→ WHAT YOU SHOULD DO
Everything in the data should be repeated exactly, save for the images.

→ RECORDED INFORMATION
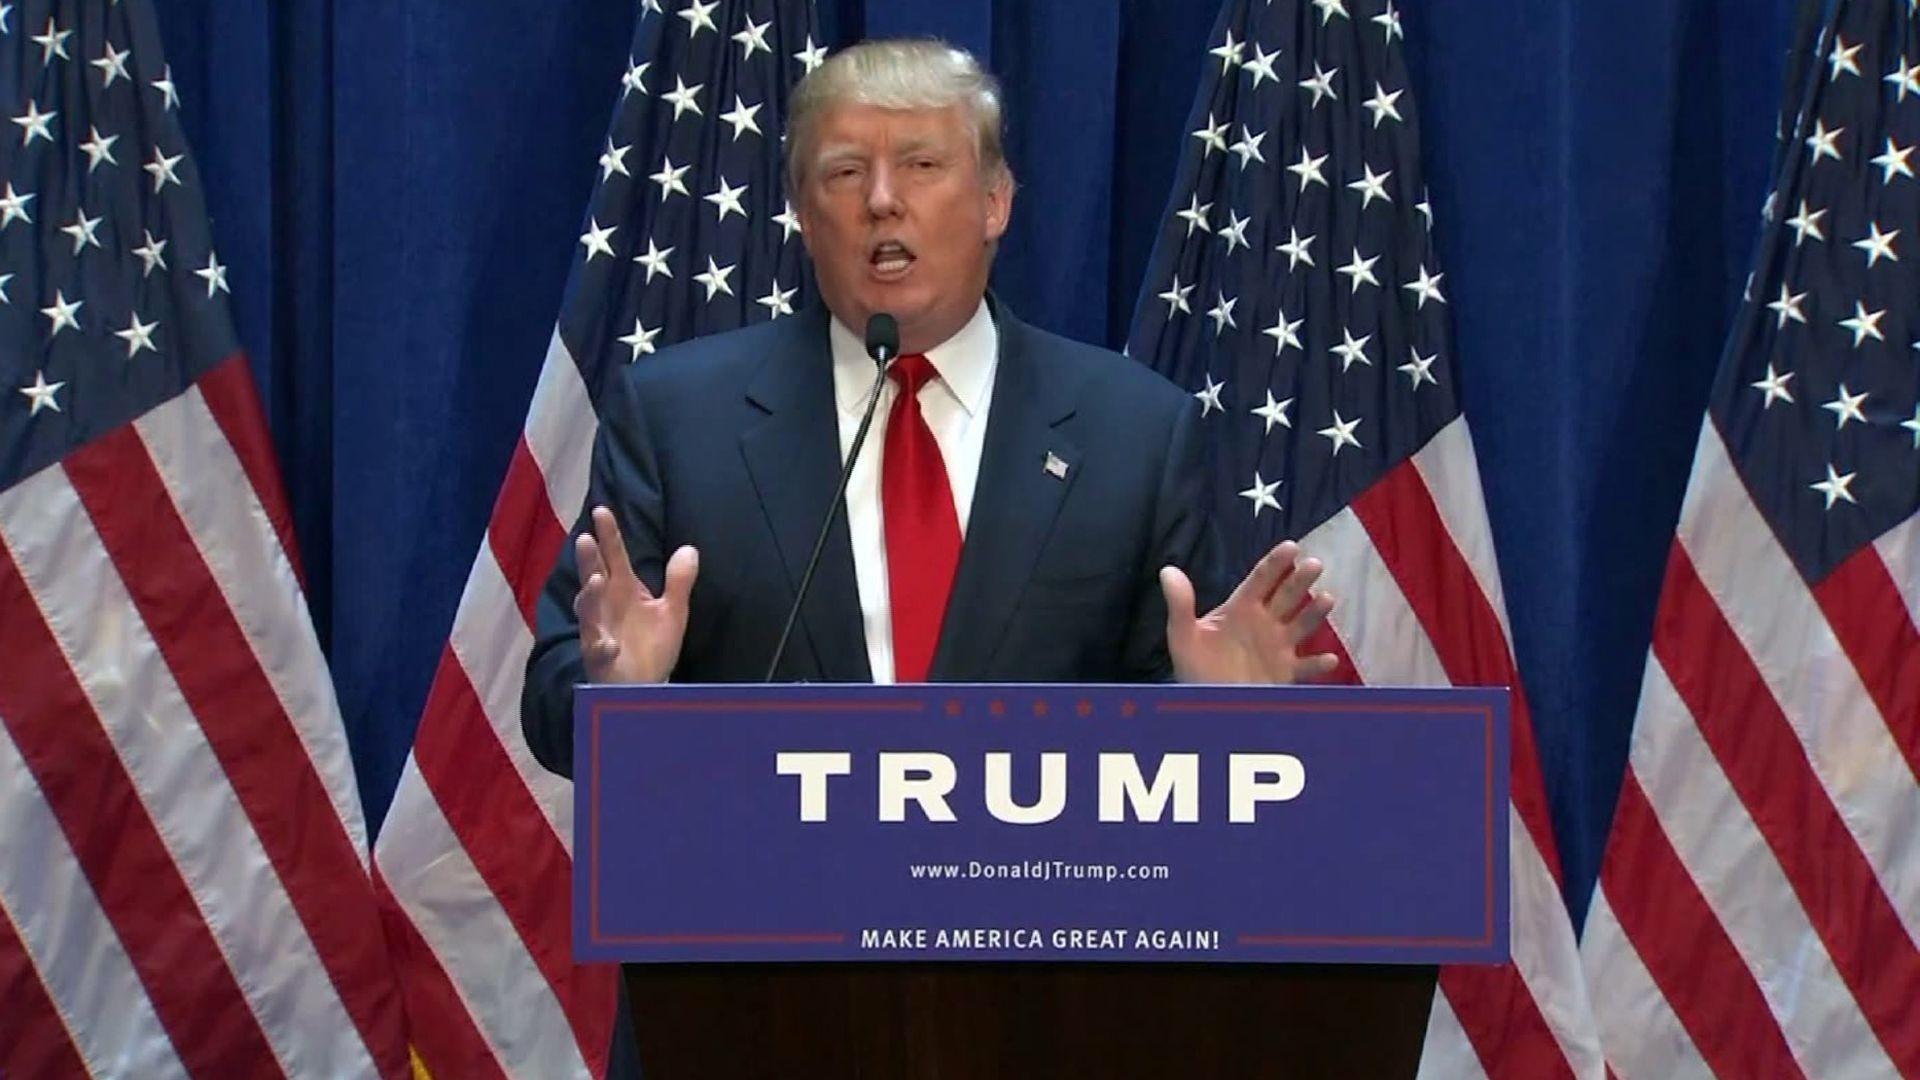 Donald Trump Wallpapers
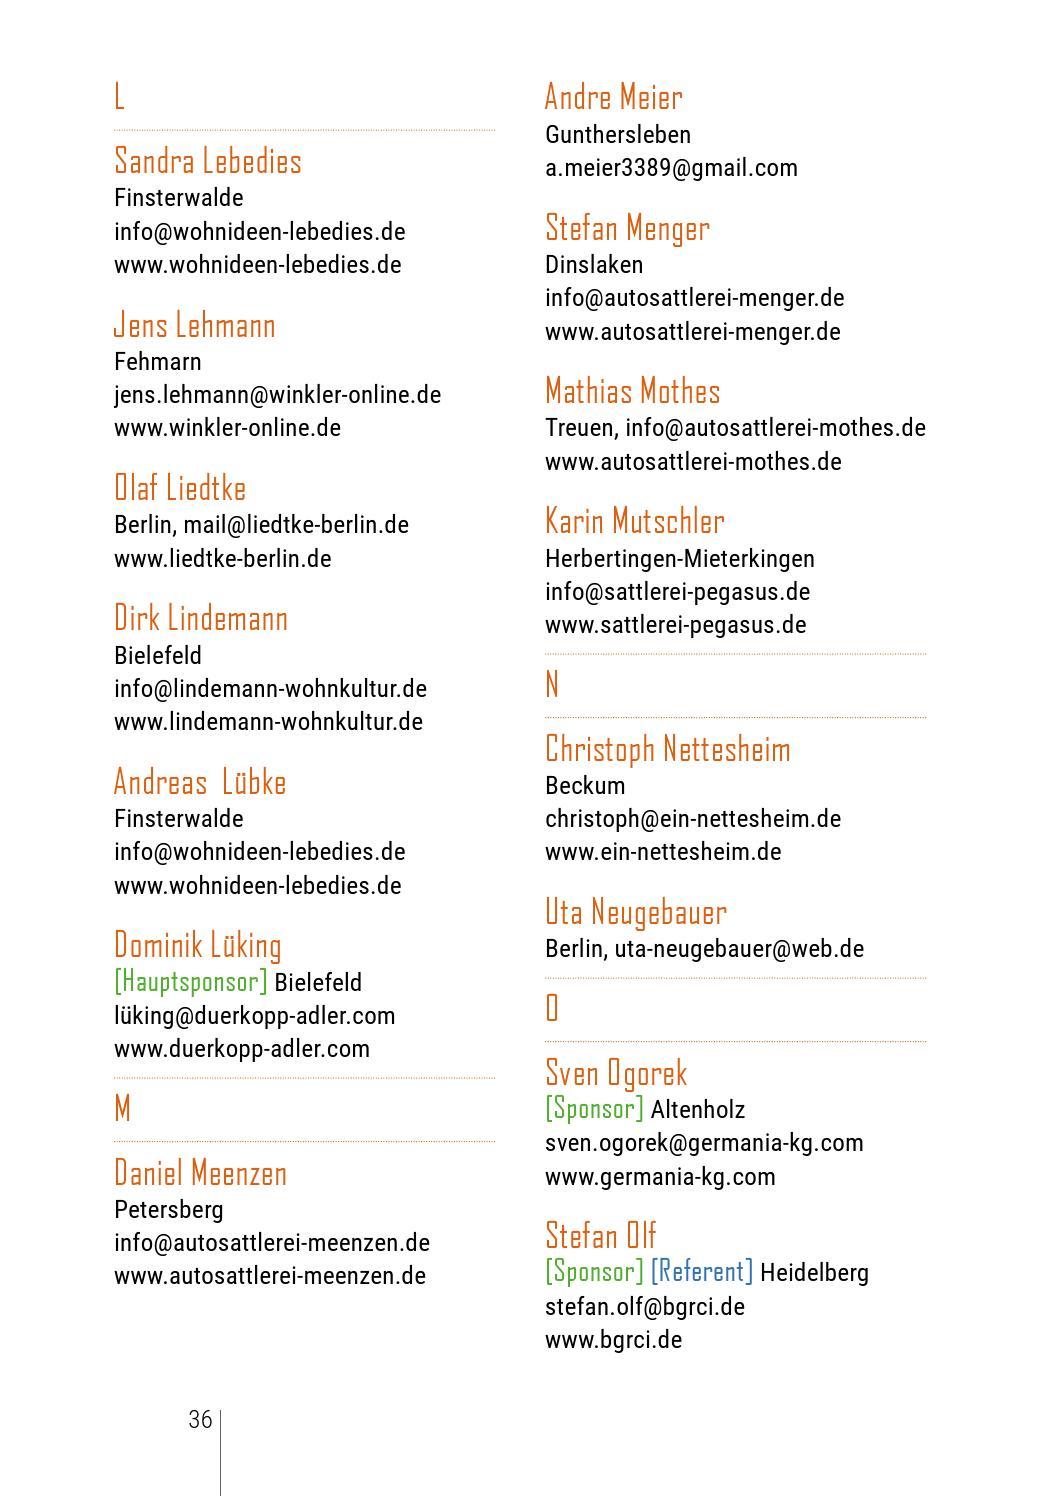 Wohnideen Lebedies tagungsheft jungmeistertagung aurich 2016 by jungmeisterkreis
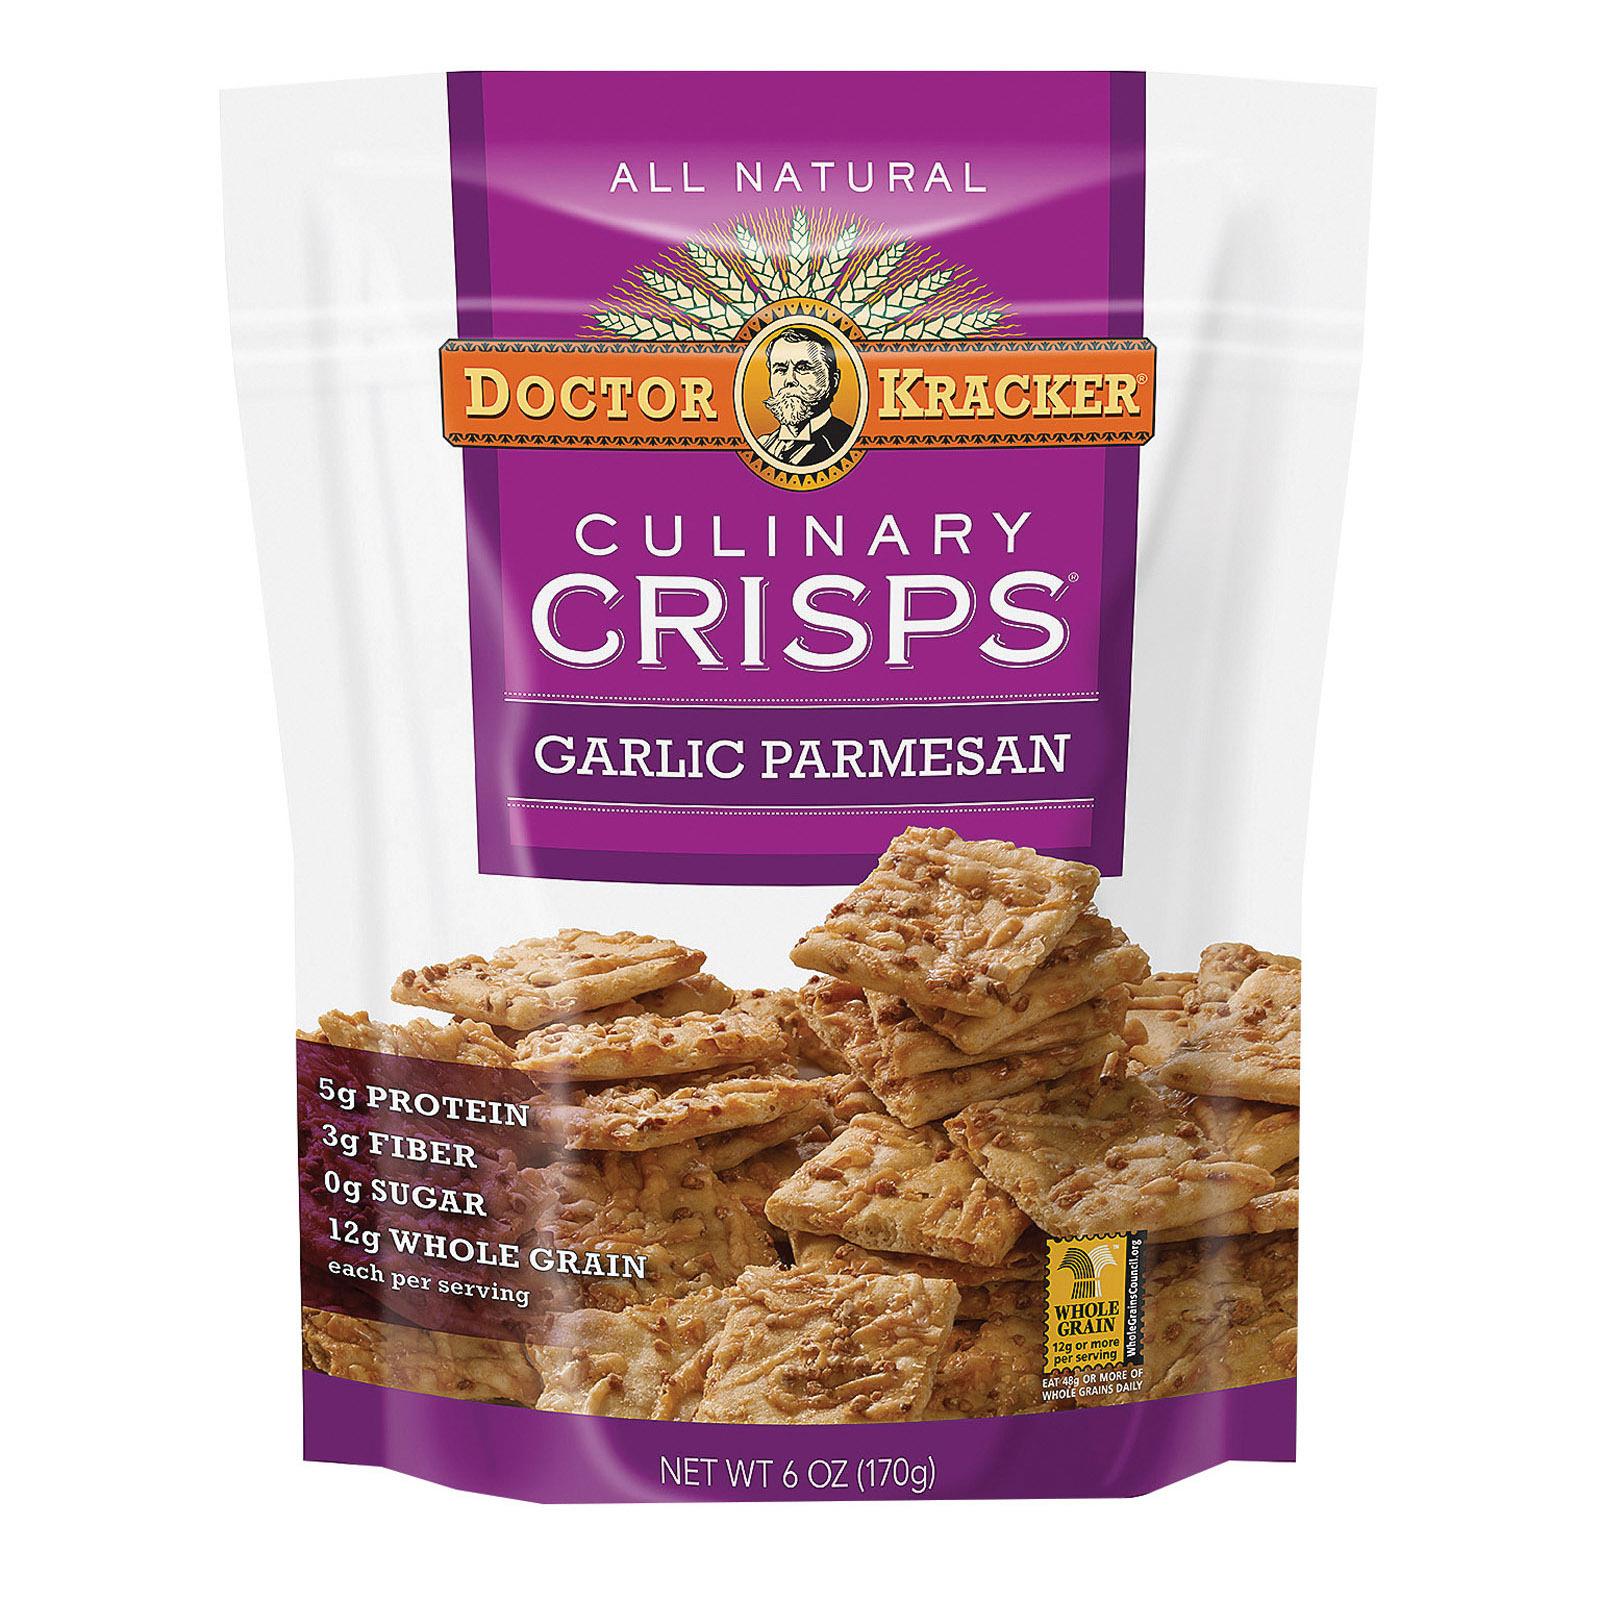 Doctor Kracker Garlic Parmesan Culinary Crisps - Case of 6 - 6 oz.

→ WRITTEN RESPONSE
 Donald Trump Wallpapers
 Wohnideen Lebedies tagungsheft jungmeistertagung aurich 2016 by jungmeisterkreis
 Doctor Kracker Garlic Parmesan Culinary Crisps - Case of 6 - 6 oz.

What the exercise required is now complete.